In the next century, thinking of another science, we have the great French chemist Antoine Lavoisier (1743-1794), known to all, while his wife Marie-Anne Perret Lavoisier (1758-1836) is not much known. In addition to being gifted in the arts, she has dominated both Latin and English, in contrast to her monogamous husbands. Diligent in translating important scientific works for the French public in general and for her husband in particular. She was a partner in the lab and without her illustrations, much of Lavoisier’s research would be incomprehensible to others. Scientific communication also passed through the drawings of this artist-researcher.

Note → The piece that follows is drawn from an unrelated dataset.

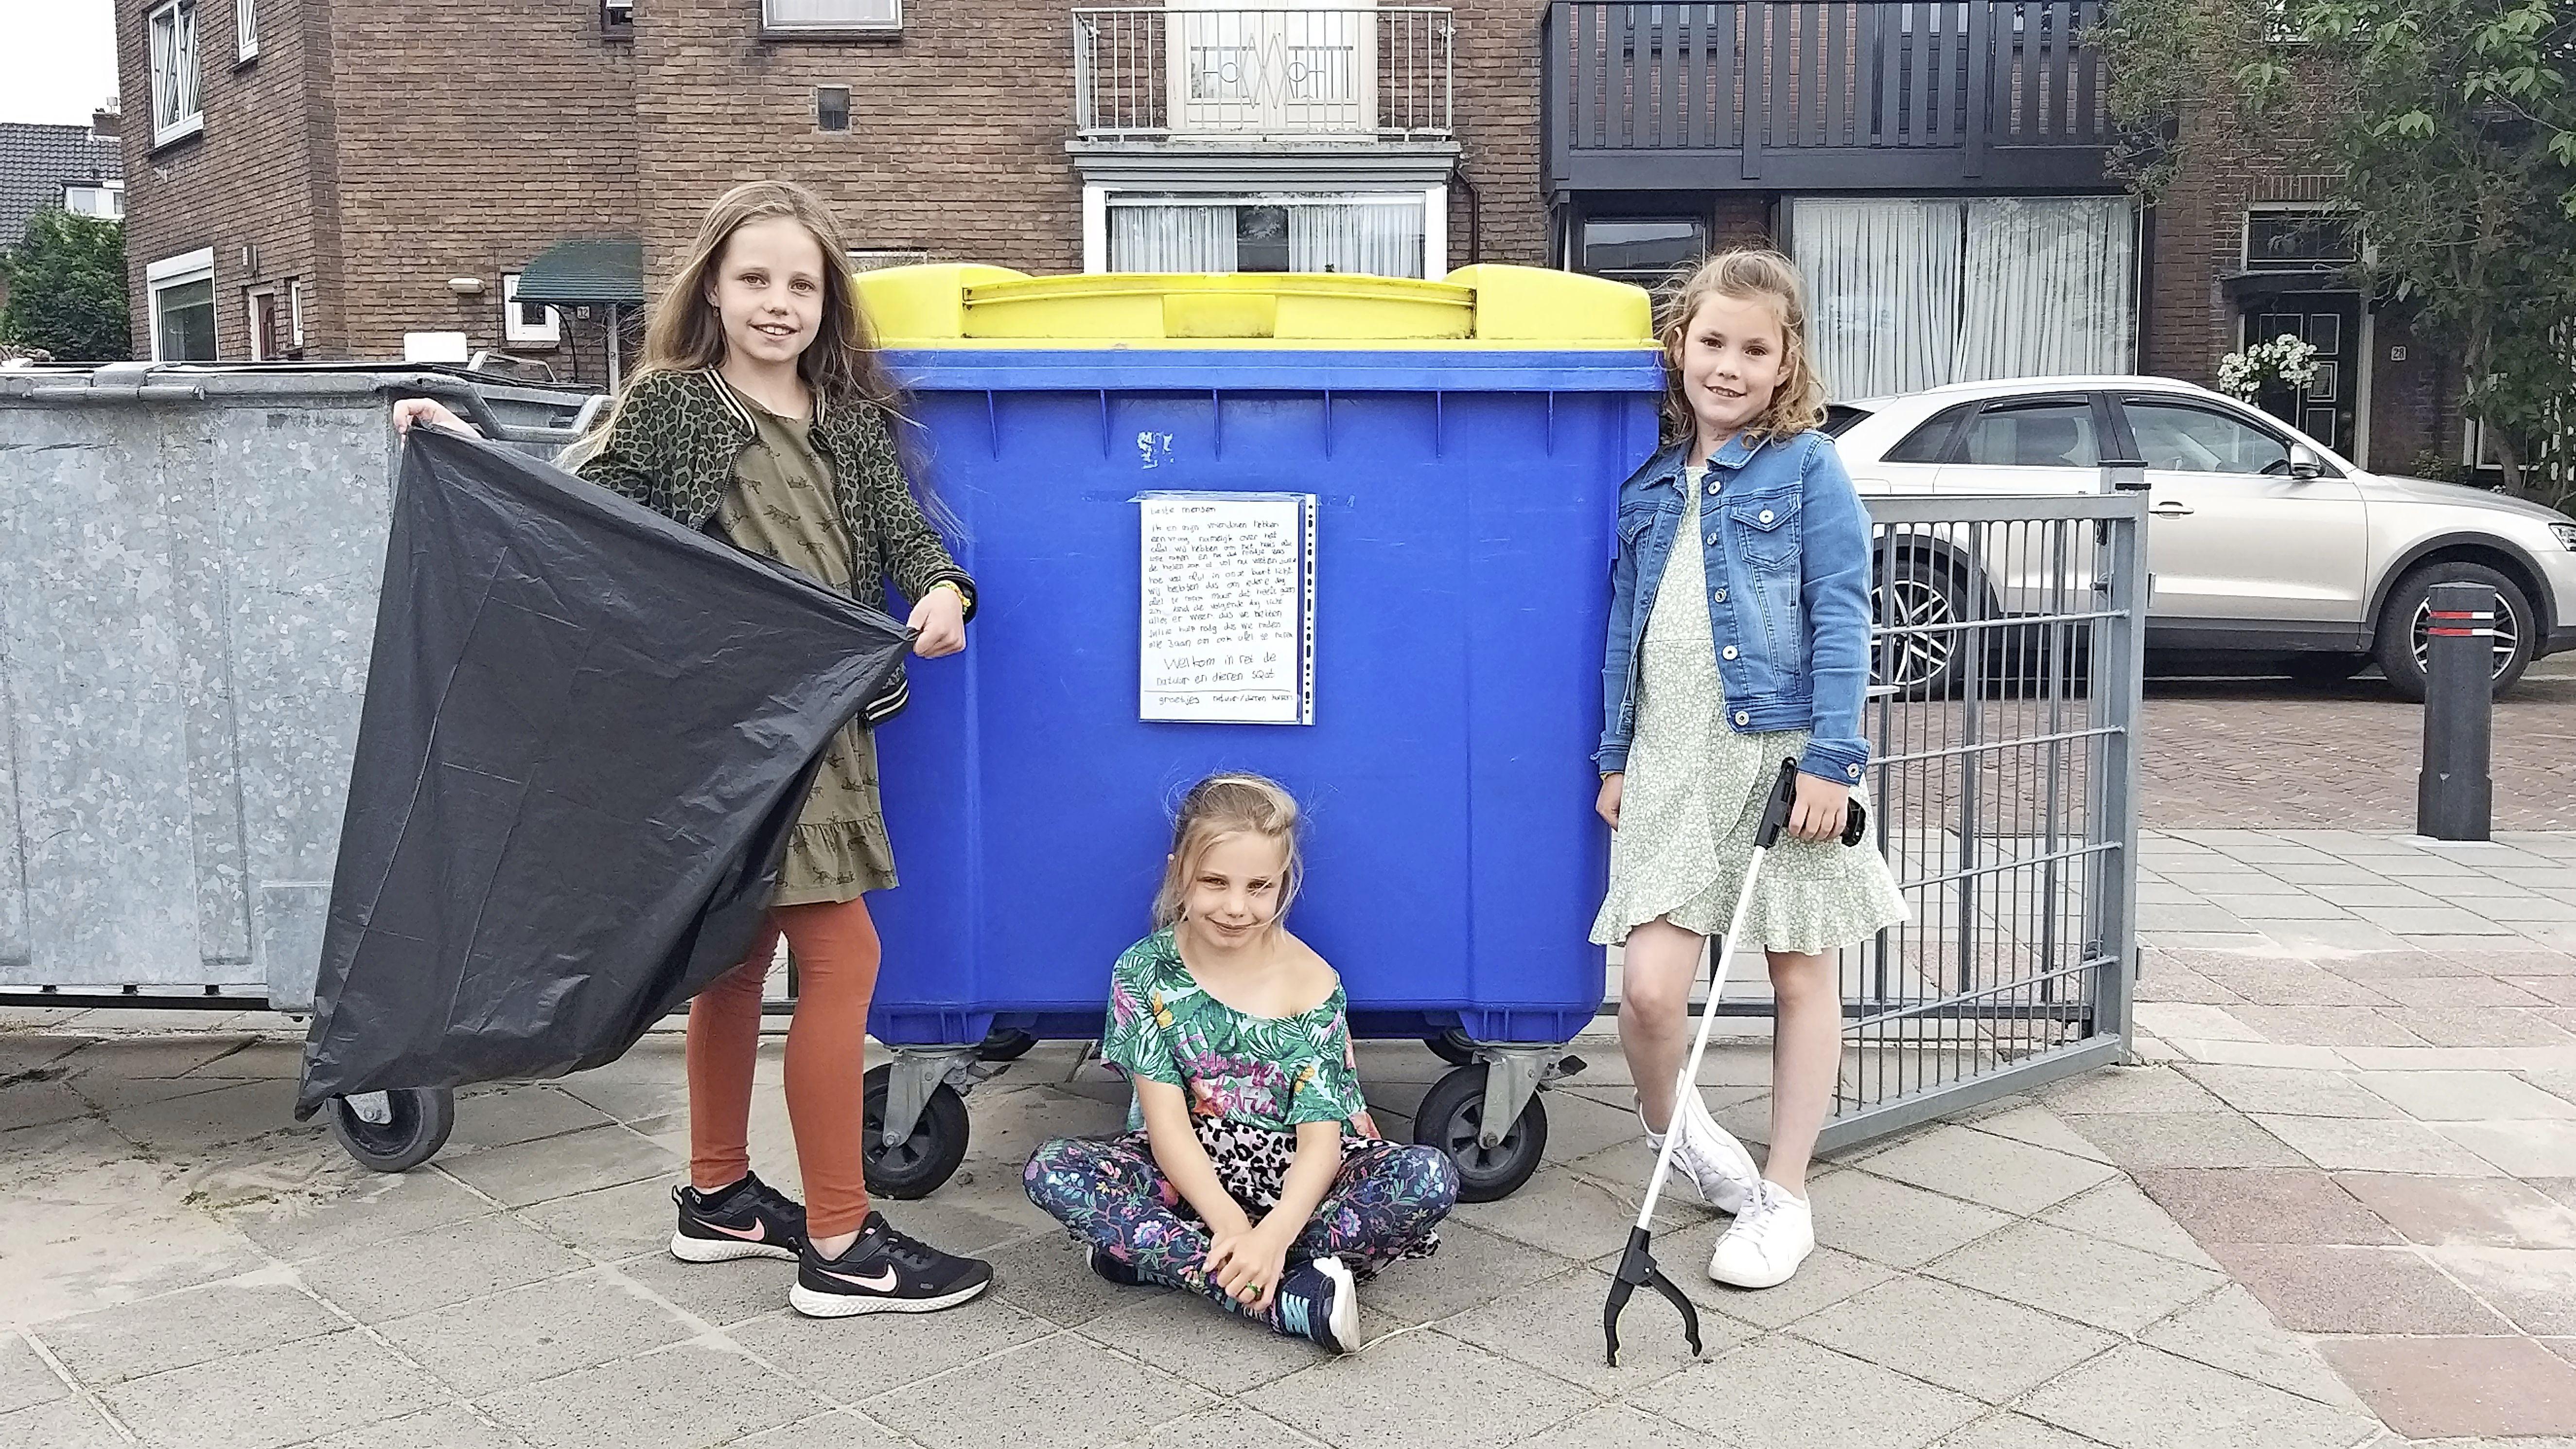 Met posters vragen Mila, Fem en Evi of iedereen z'n rommel wil opruimen: 'Met prullenbak in de buurt afval op de grond gooien. Dan heb je toch geen brein?'

As I mentioned above, nowadays, image technologies resources allow mouse clicks to make illustrations of scientific texts. In the past, scientists needed to draw, as in the nineteenth and twentieth centuries, as with Ernst Haeckel (1834-1919): animal scientist, physician, professor, philosopher, marine biologist and … plastic artist. He identified and named about a thousand species and coined words like, for example, ecology. From today’s point of view, his biography is also tainted: it promoted social Darwinism and scientific racism (like many in the scientific community at the time). His illustrations of polychrome fauna and flora influenced Art Nouveau and became an art book, no longer a science, collected in “Forms of Art in Nature”.

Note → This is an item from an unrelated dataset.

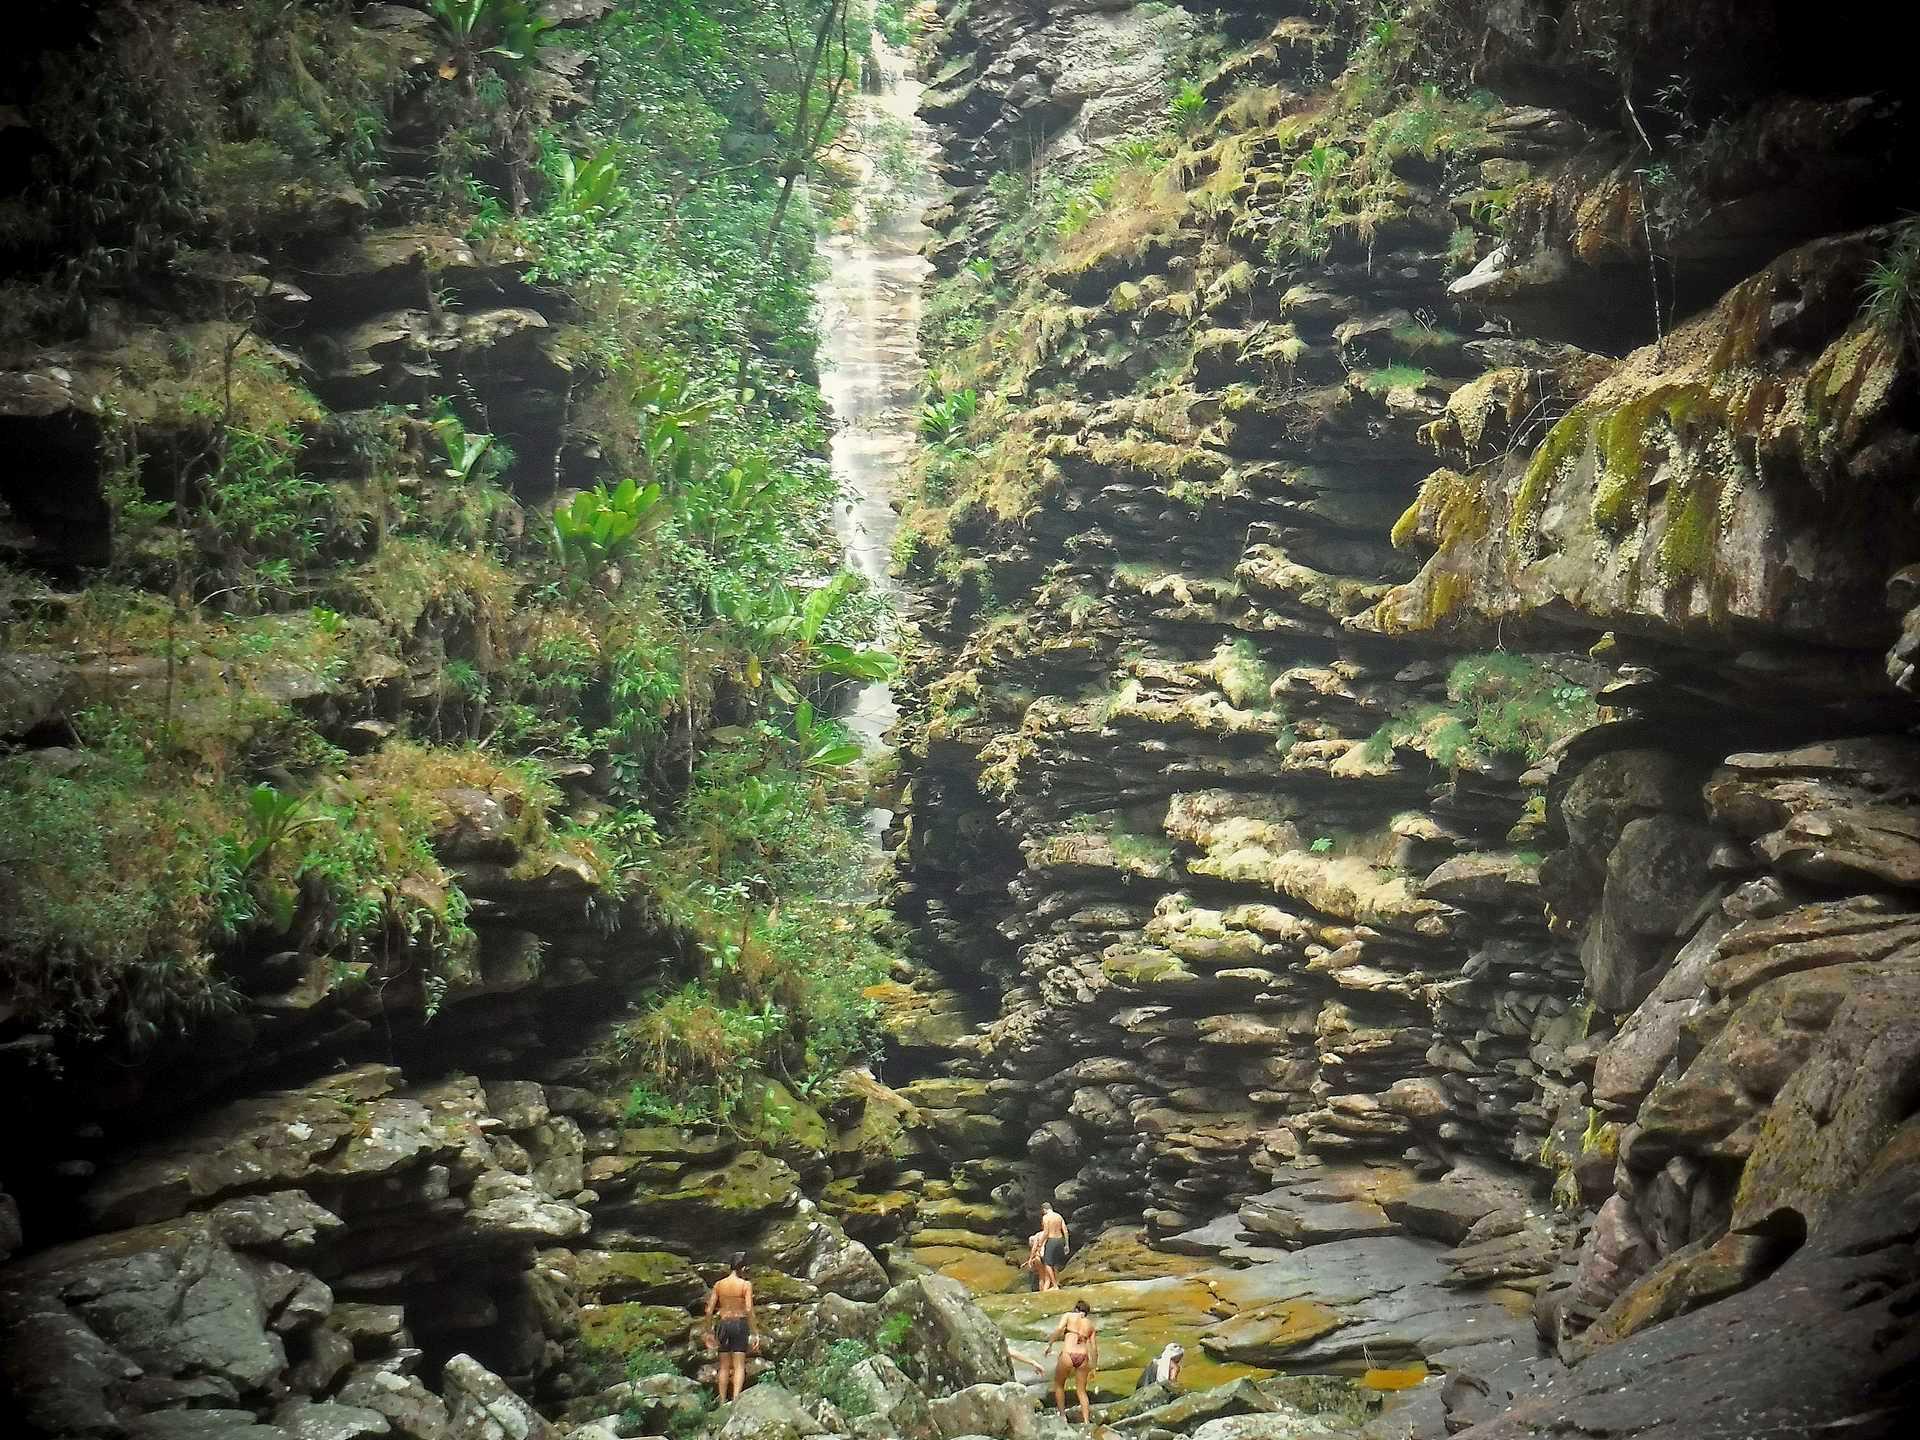 Cachoeira da Mixila, Chapada Diamantina, Brazil

As a contemporary of Structure, we have Santiago Ramón y Cajal (1852-1934), who shared the Nobel Prize in 1906 with Camilo Golgi for his work on the central nervous system. A Spanish scientist was the first to first glimpse the structures of the neural networks in our brain in great detail. Cajal wanted to be an artist, his father dreamed of being a doctor. The young man brought the two together, and his depictions of interlocking neurons are still impressive today. After more than a century of being recognized as a scientist, his paintings are now on display in art galleries and recognized as such.

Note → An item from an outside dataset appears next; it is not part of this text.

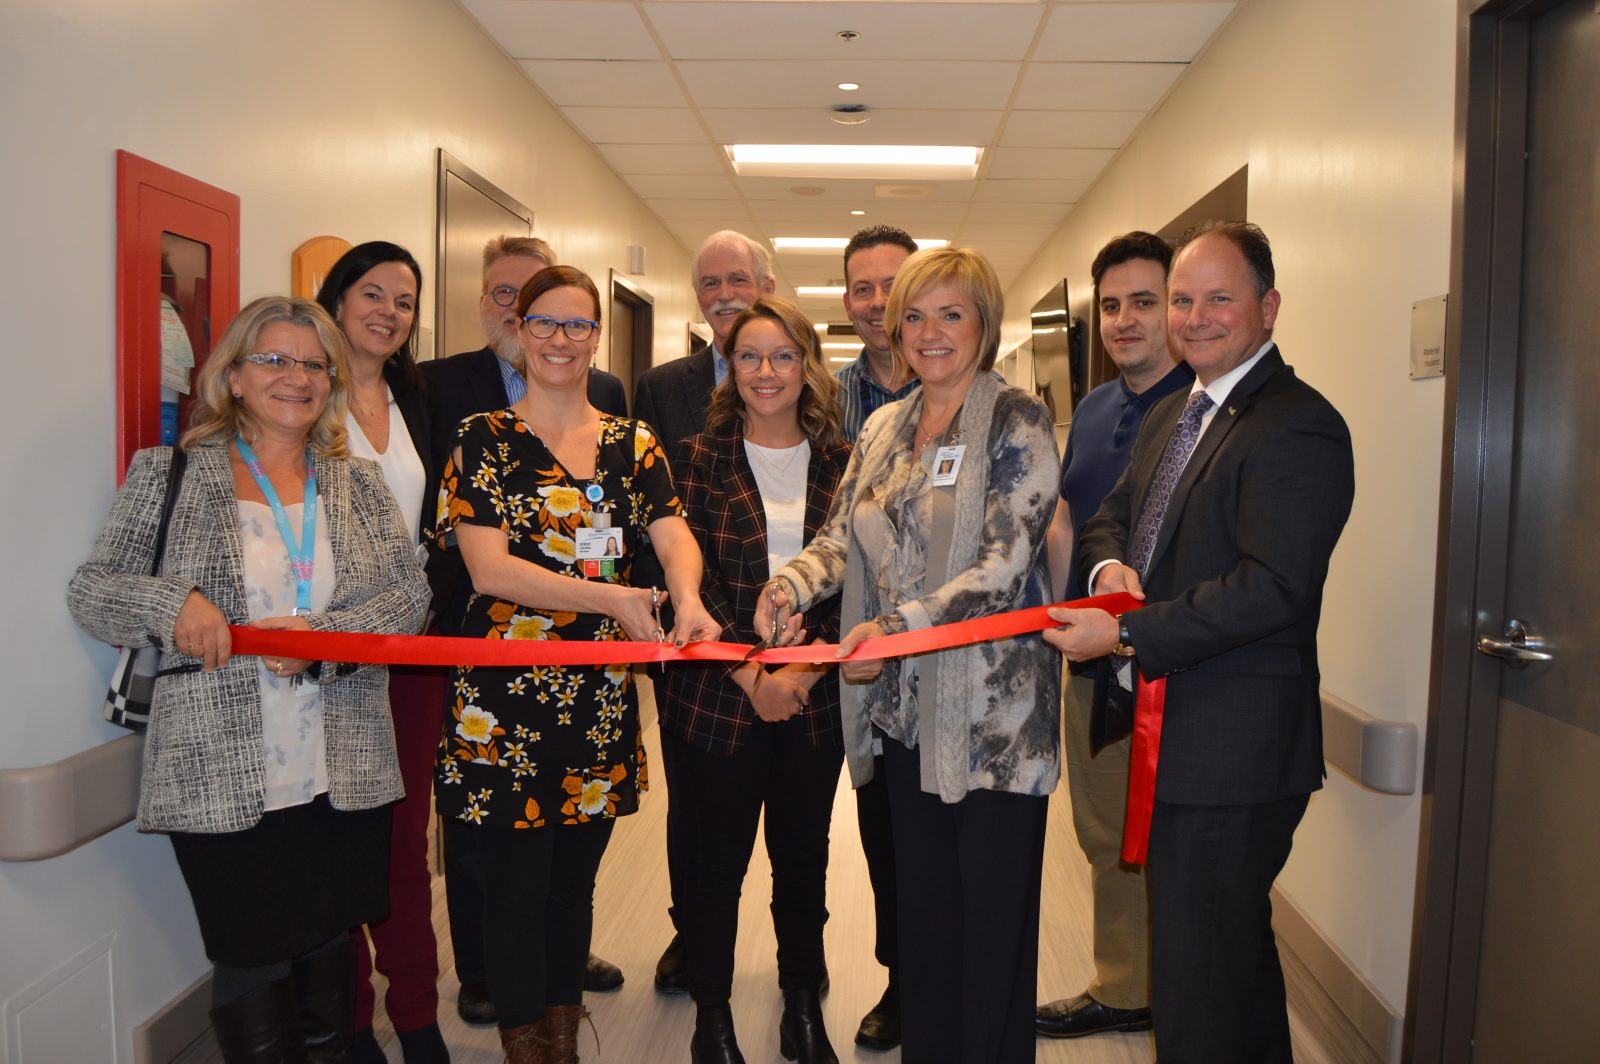 Le Centre d'hébergement du Manoir-Trinité inaugure sa nouvelle unité de soins palliatifs

These examples are not anecdotal, but rather are perhaps the most famous discoveries. They continued into the twentieth century, for example, with the strong intertwining of mathematics and art with Maurits Escher and the mathematician Donald Cockster. Yet the feeling today is that science and art have moved away, as biologist Jennifer Landin laments in a 2015 article on the Scientific American Blog. The introduction to the article (The Thin Line) states: “A century ago, drawing was taught as an essential tool for scientists, and its value for communicating discoveries, but also for improving observation. Biology “.
Along the same lines, Shaaron Ainsworth, Vaughan Prain and Russell Tyler, in an article in Science, alluded that emerging research indicates that design should be explicitly recognized as a key element in science education. Here, this fundamental relationship between art and science is discussed by Tania Araujo Jorge and Anunchata Sawada.
Basic connections are often neglected in the face of accelerated technologies, but they can also become poor when they do not cause us black holes. Science has always needed art.
Peter Scholes is a professor at the College of Applied Sciences (FCA) at Unicamp, in Limeira.